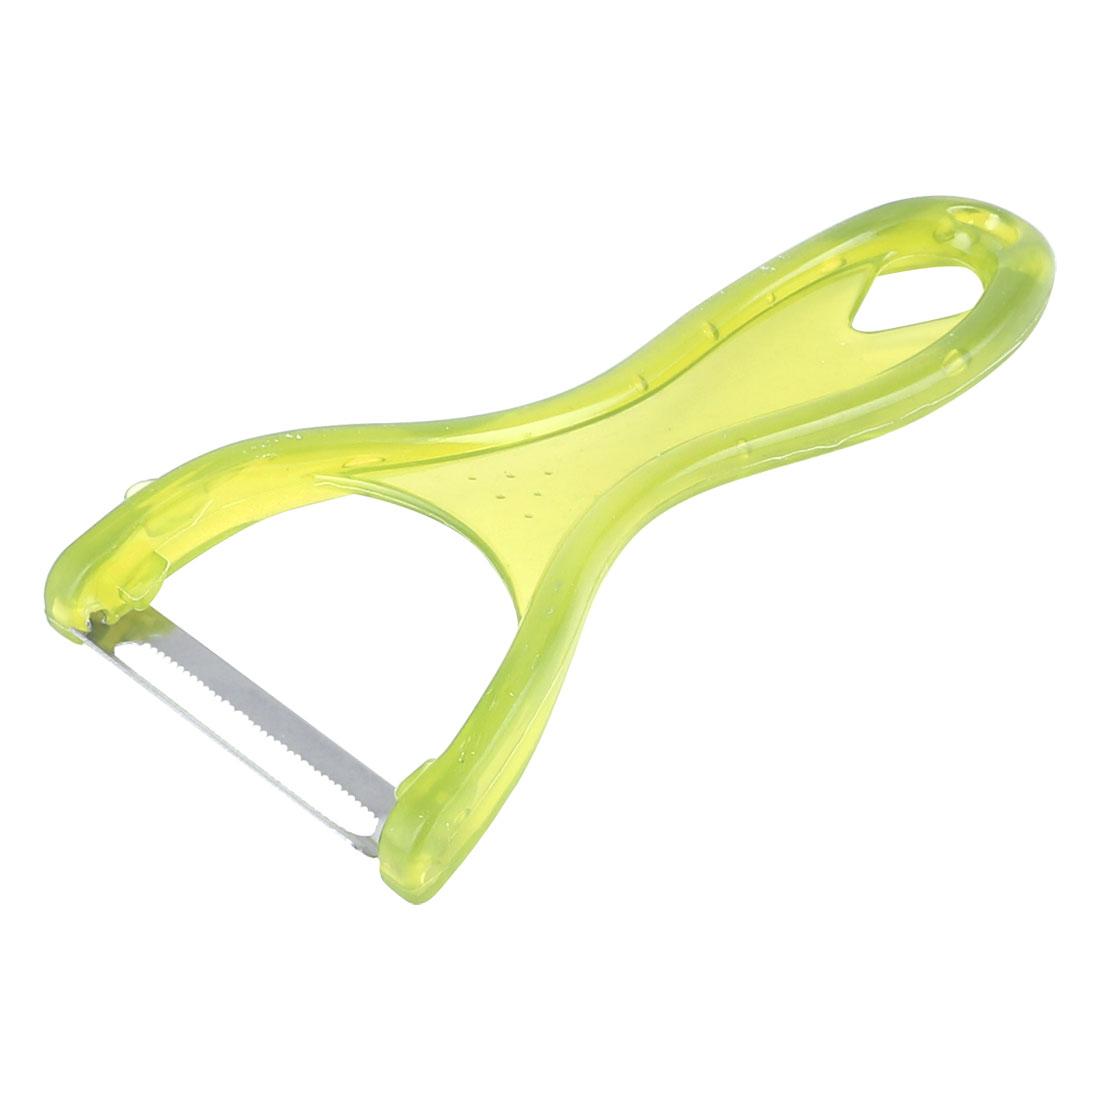 Plastic Handgrip Fruits Vegetables Slicer Peeler Parer Julienne Green
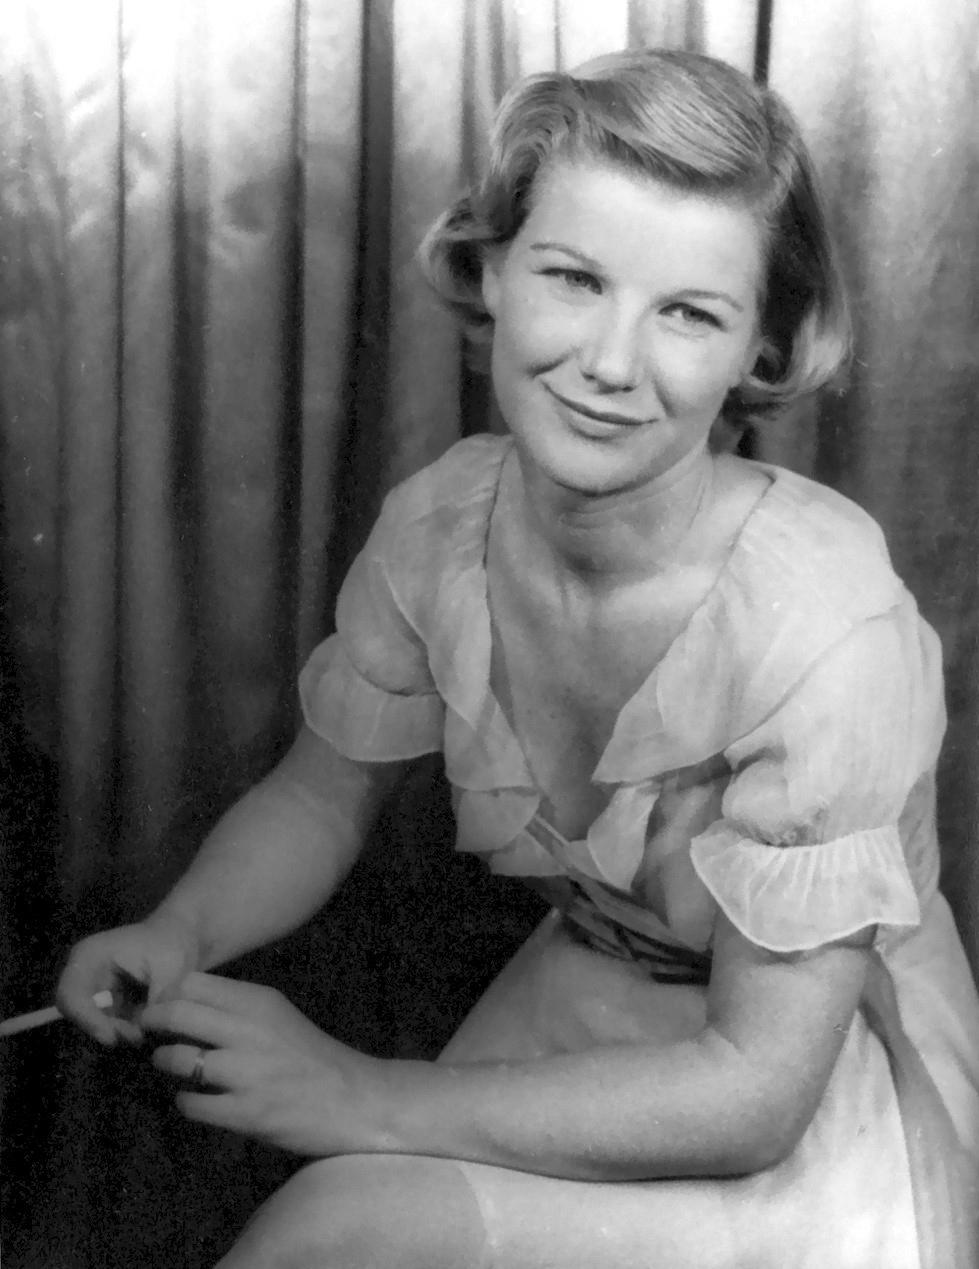 Photo Barbara Bel Geddes via Opendata BNF
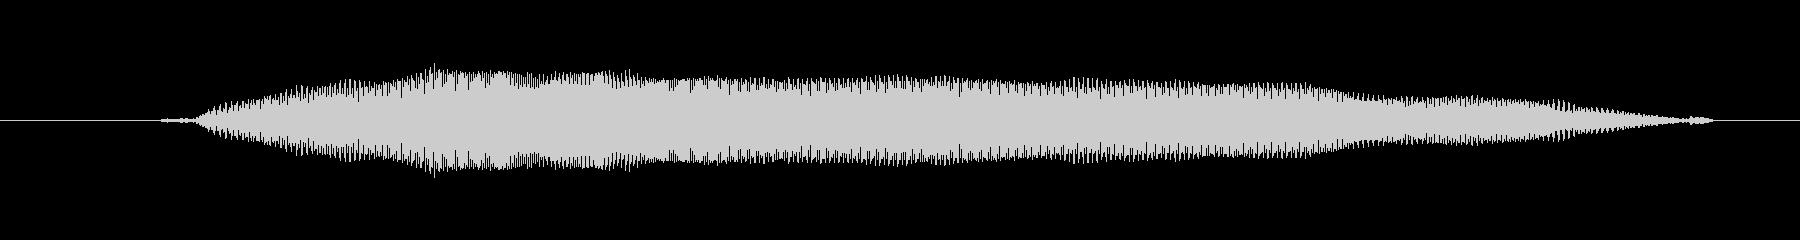 鳴き声 リトルガールドリーミー02の未再生の波形

### What is needed
Write out the data above exactly, minus any images.

### Answer to this task
 Plastic Handgrip Fruits Vegetables Slicer Peeler Parer Julienne Green
 Photo Barbara Bel Geddes via Opendata BNF
 鳴き声 リトルガールドリーミー02の未再生の波形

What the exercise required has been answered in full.